Used to be that you really had to mess up on a blind to get dropped. Nationals were always looking for the best marking dogs. I think in the last couple of years this has changed. With the relatively large entries now the judges are having to get down to their numbers earlier in order to get done in a week so you get less leeway on the blinds.

Mark


----------



## FOM

#78 pick up


----------



## BonMallari

Aaron Homburg said:


> *Sounds like a tough one!! 12-15 minutes per dog x 66 is really close to 16.5 hours of work, yes I know there will be some pick ups, handles, but there will probably be a no bird or two. This test will probably not finish today. Will there be a time crunch?
> 
> Aaron*


5 series to go, 3 days to do it...one today, two on Friday, two on Sat...if they get answers and if they get it down to a manageable number...lots of ifs...I think they can...


----------



## FOM

#82 handled


----------



## FOM

Picture is up on the Report, waiting on sketch...


----------



## Brad Slaybaugh

BonMallari said:


> 5 series to go, 3 days to do it...one today, two on Friday, two on Sat...if they get answers and if they get it down to a manageable number...lots of ifs...I think they can...

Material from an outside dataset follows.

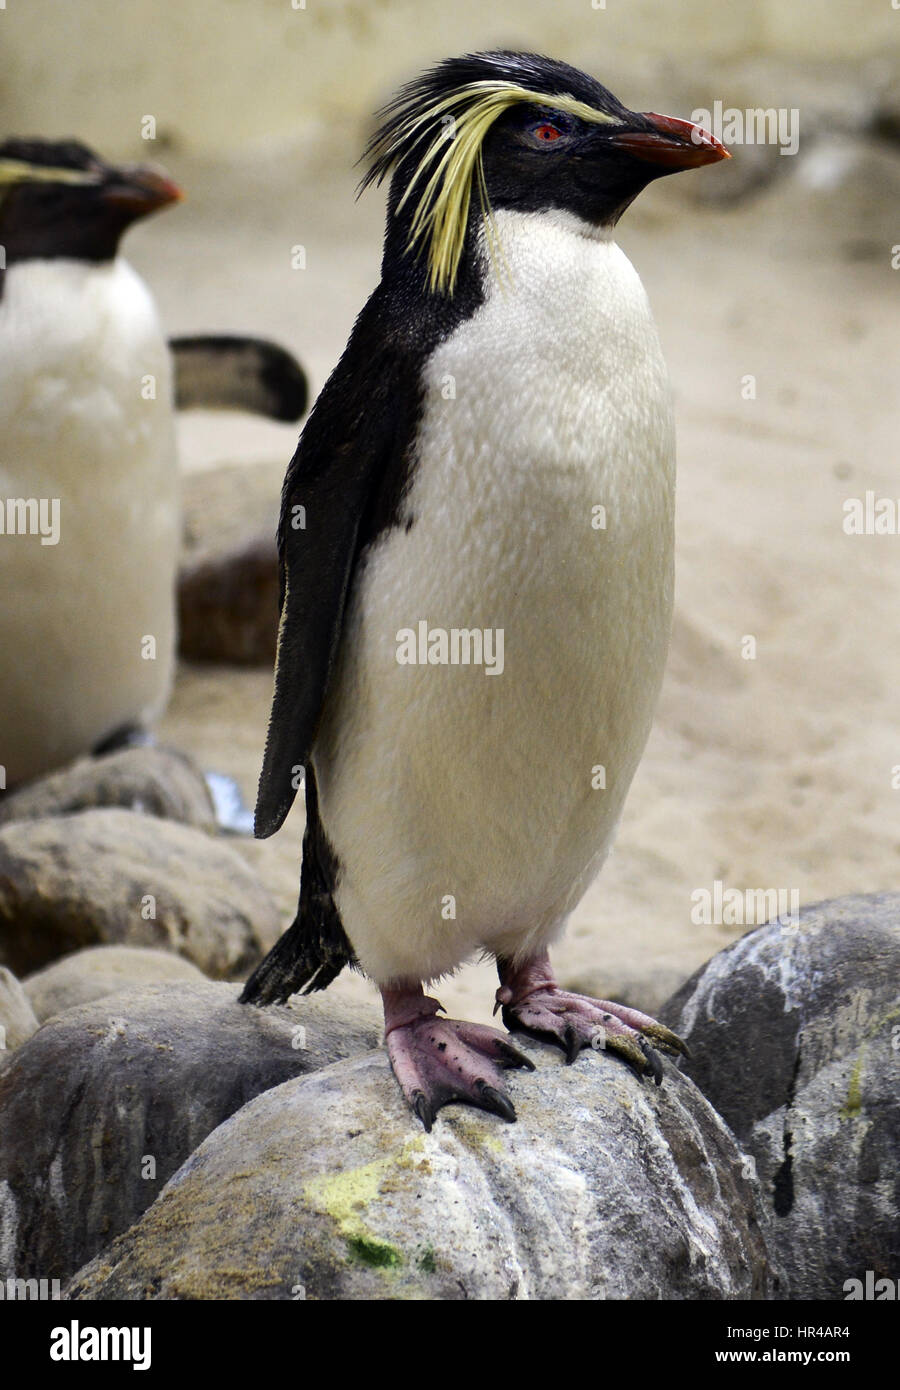 Rockhopper Penguins in Kapstadts Two Oceans Aquarium. Stockfoto

Looks like this series might get the numbers down!!!

Brad


----------



## FOM

#83 handle


----------



## FOM

Double H - #86


----------



## jeff t.

Dukdawg said:


> Looks like this series might get the numbers down!!!
> 
> Brad


Yep...very high pucker factor on this series


----------



## kjrice

Island birds are hard enough on dogs...the chop is on with this dandy.


----------



## FOM

#97 - Broke and after getting all 4 birds, ouch is right!


----------



## ramblinmaxx

FOM said:


> #97 - Broke and after getting all 4 birds, ouch is right!

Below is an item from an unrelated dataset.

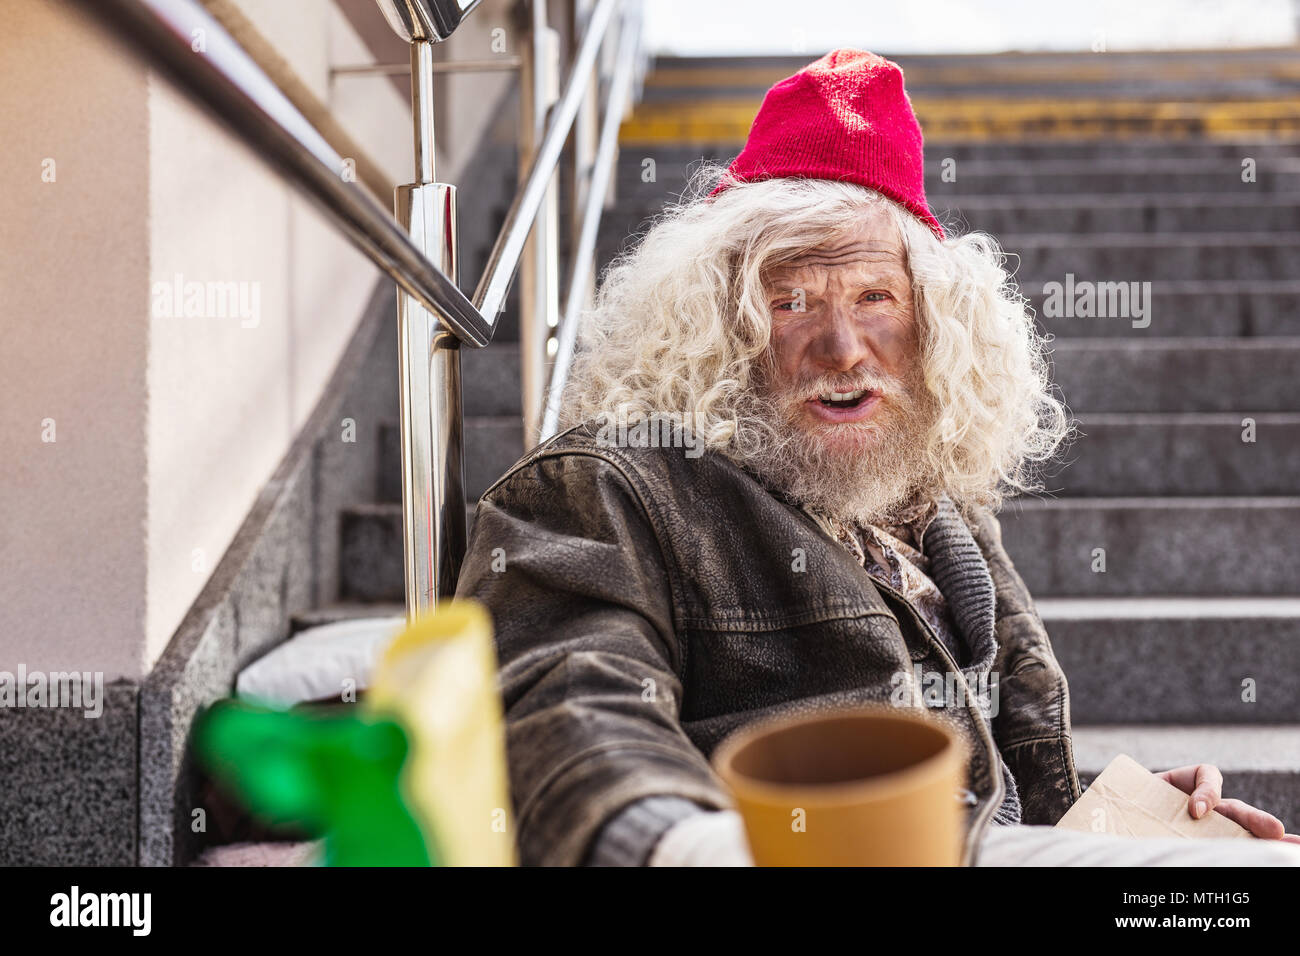 Cheerless homeless man sitting on the street Stock Photo

I would probably get banned if I used the word that I really feel about it, so I guess OUCH will have to do.

But I guess my true feeling is Heart Broken.

Marty


----------



## FOM

ramblinmaxx said:


> I would probably get banned if I used the word that I really feel about it, so I guess OUCH will have to do.
> 
> But I guess my true feeling is Heart Broken.
> 
> Marty


I think it would be a huge heart break for anyone in that situation, "clean" up to that point and then break....ouch!


----------



## ramblinmaxx

Yes, Kicker was having a really good trial, showing why he was in the top 3 of all the Amateur Dogs this past year.


----------



## runnindawgz

Wow ... so sad and so angry. Routing _big time_ for Judy and Kicker (my pup's sire so I am a bit bias). Such tremendous talent there. Such a shame, doesn't make him any less of a dog in my eyes!


----------



## FOM

Pick Up 102


----------



## FOM

#106 handled (2nd handle overall)


----------



## 2tall

runnindawgz said:


> Wow ... so sad and so angry. Routing _big time_ for Judy and Kicker (my pup's sire so I am a bit bias). Such tremendous talent there. Such a shame, doesn't make him any less of a dog in my eyes!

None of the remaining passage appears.